▶ _Work item_: Beginning with the line that contains "Nicola Model - Colectia" and ending with the line that contains "kardiologie-slideshow4.jpg", reproduce the lines of the entries below exactly, omitting pictures.

▶ _Extracted material_:
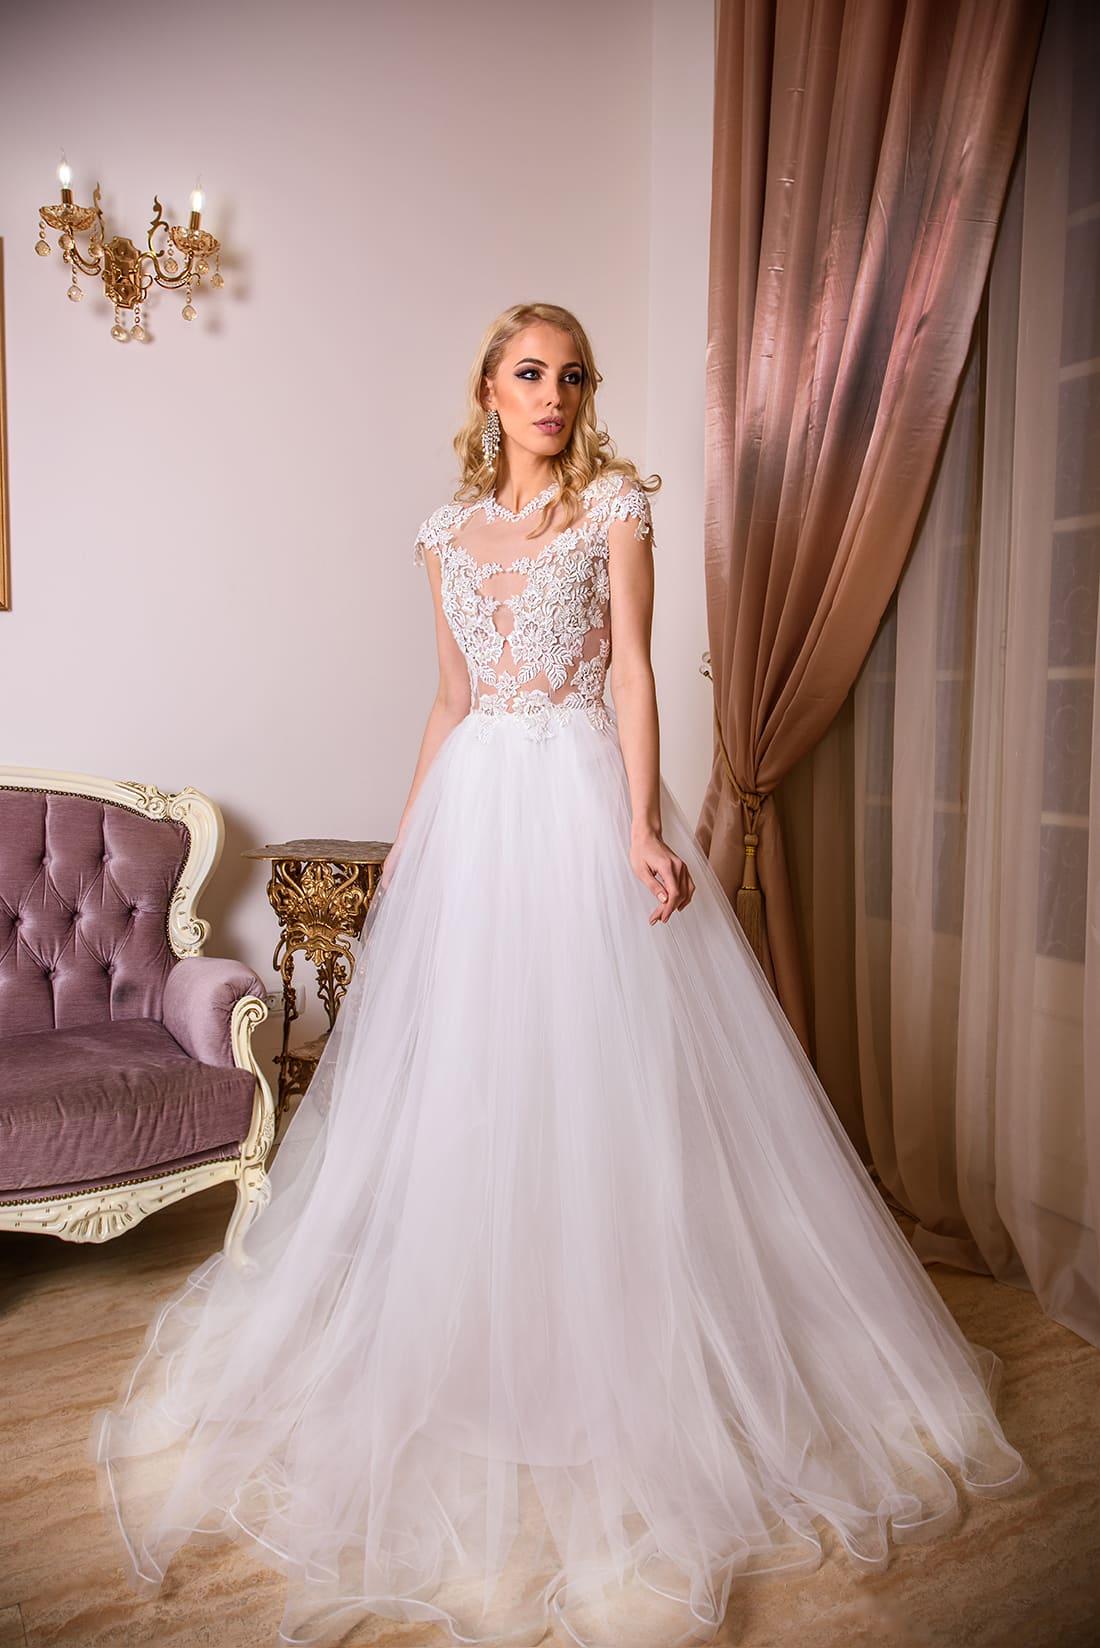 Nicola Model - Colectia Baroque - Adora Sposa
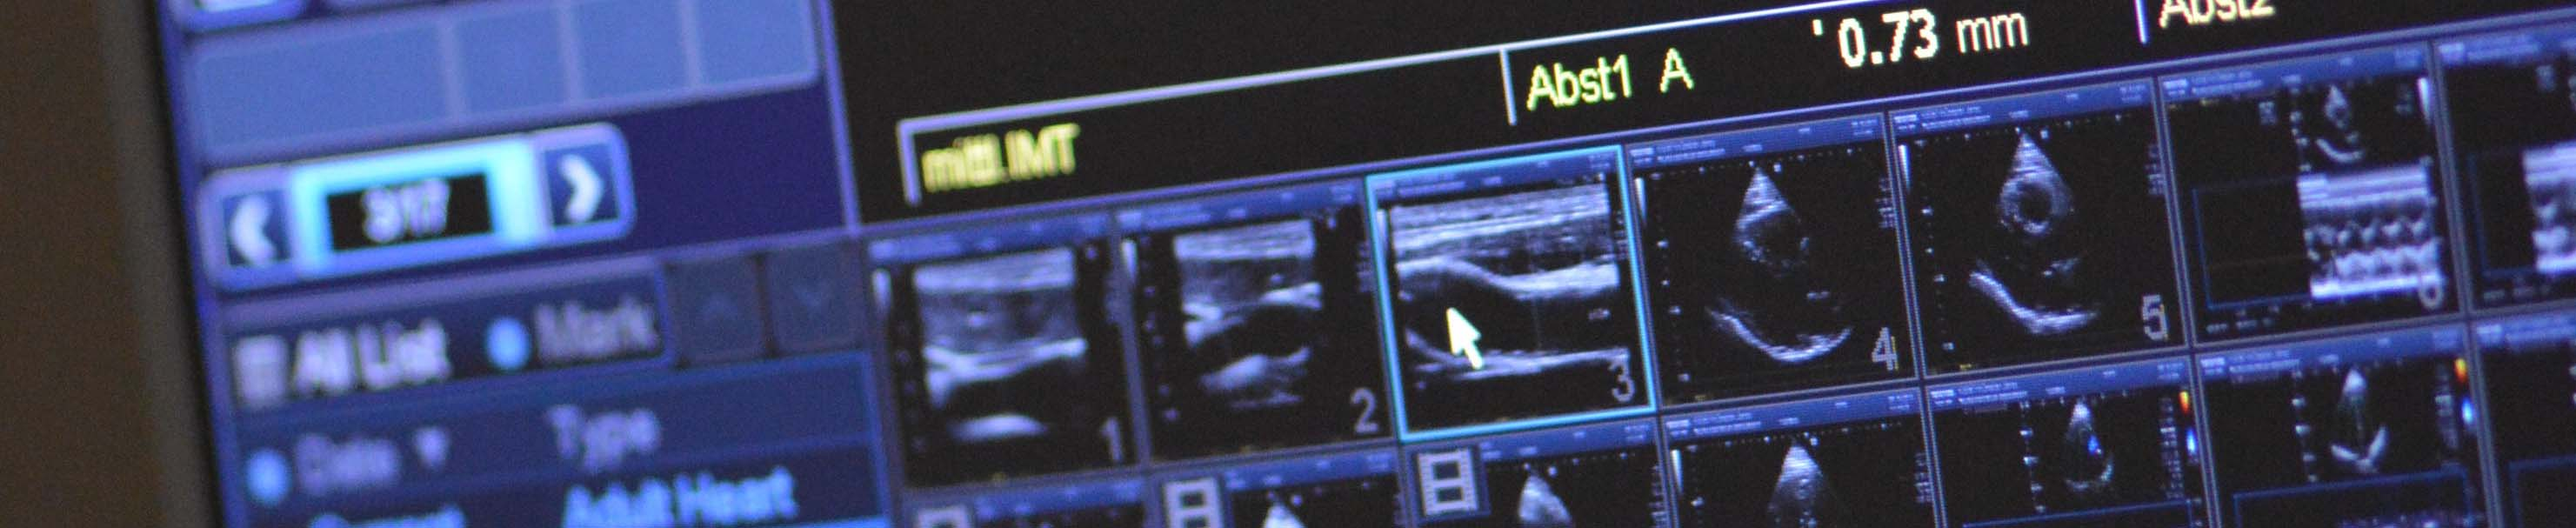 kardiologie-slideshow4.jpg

---

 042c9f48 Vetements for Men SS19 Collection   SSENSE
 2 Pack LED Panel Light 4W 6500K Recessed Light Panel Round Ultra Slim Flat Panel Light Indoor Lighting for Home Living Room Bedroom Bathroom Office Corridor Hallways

---

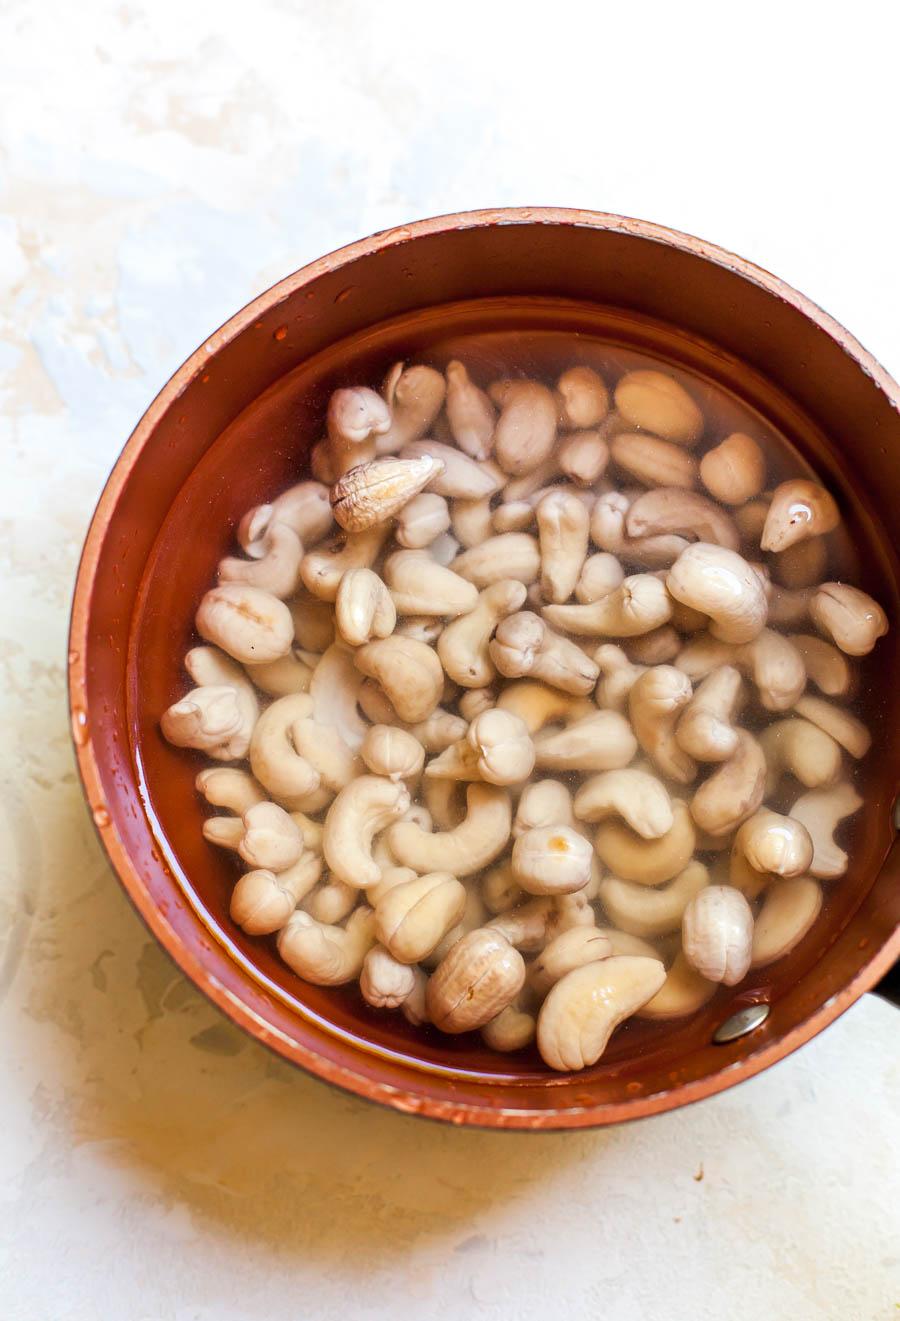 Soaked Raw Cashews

▶ _Task output_:
 Nicola Model - Colectia Baroque - Adora Sposa
 kardiologie-slideshow4.jpg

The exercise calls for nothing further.